I had another circuit used in hardware debouncing of interrupts by Jeremy Blum using an inverted schmitt trigger and an rc circuit. This reduced the bouncing but didnt help with the eletrostatic noise / false positives whatsoever.
Your circuit works very good in my firt test. It only triggered one false positive and that was when i touched the door handle nearby and got zapped bystatic electricity ( I did not have physical contact with any part of the circuit at that point, so it mustve transmitted through the air).
As per your Thomas Edison quote, an improvement might be to add 1K series resistance in the ground wire to the switch and clhange the capacitor to 2.2µF.
dlloyd:
As per your Thomas Edison quote, an improvement might be to add 1K series resistance in the ground wire to the switch and clhange the capacitor to 2.2µF.
Haha, yeah you got me on that one...can you please explain why the change of the capacitor and the resistor should bring improvement? I am not from an electronics background.
the interrupt fires ONE time, then after that it works like it should.
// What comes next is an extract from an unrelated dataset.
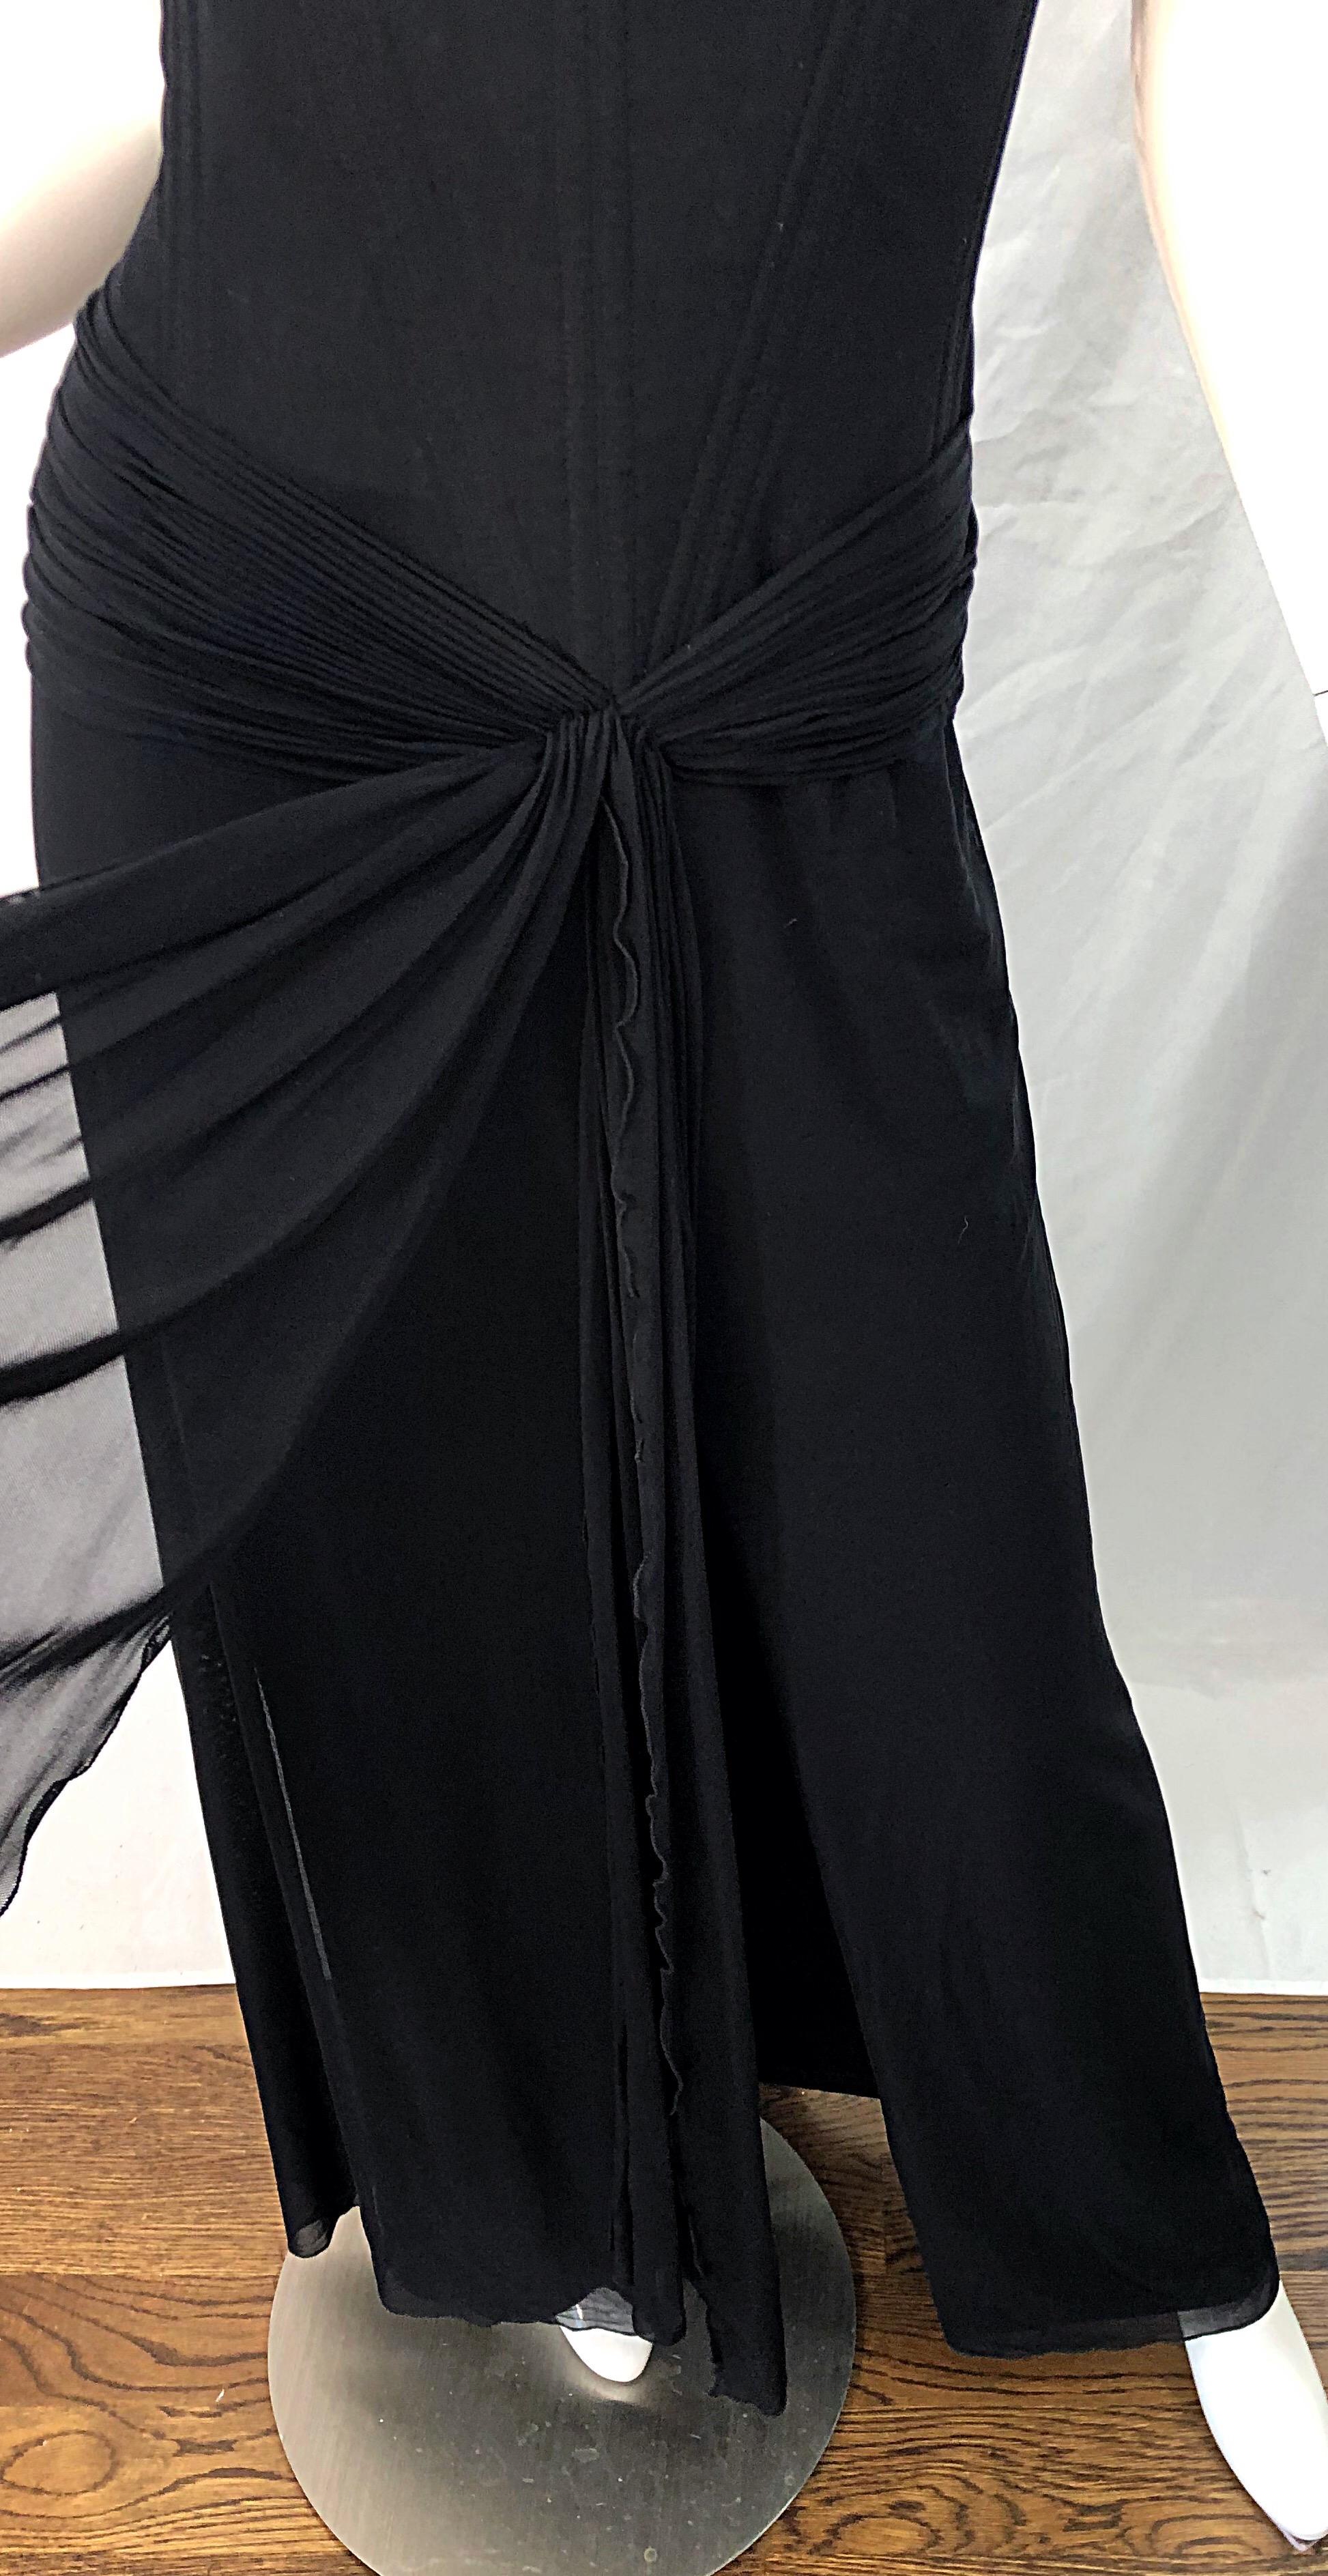 Women's Julia Roberts Pretty Woman Vintage Vicky Tiel Couture Sz 12 Black 1980s Gown

Where does that initial interrupt come from? How can i prevent this? This seems to be a huge flaw in the Arduino provided interrupt functions.
I tried to solve this problem in this Thread, but so far no luck.
I need a clue, tried so many things already, nothing helped. Please help guys!
I'm going to move this to the Due section, as this is a Due problem now.
However on the Uno, an initial interrupt will come because the flag for that interrupt has been set in the processor before you do the attachInterrupt, and thus it immediately fires. There may be a way of clearing that flag on the Due (like there is on the Uno).
MaxBlitz:
I still haven't totally solved the problem with the interrupts, since now I don't get false positives, ...
All very well and good for "an academic/ learning exercise", but the bigger question here, is why you would be using an interrupt in the first place, for a totally inappropriate purpose - monitoring a pushbutton?
Haha, yeah you got me on that one...can you please explain why the change of the capacitor and the resistor should bring improvement? I am not from an electronics background.
The series resistor would help reduce transients or spikes on the ground wire to the switch and the capacitor change is probably not required if the original filter on the interrupt input already works. As Paul__B has pointed out, I'm also curious why an interrupt would be required in monitoring a pushbutton.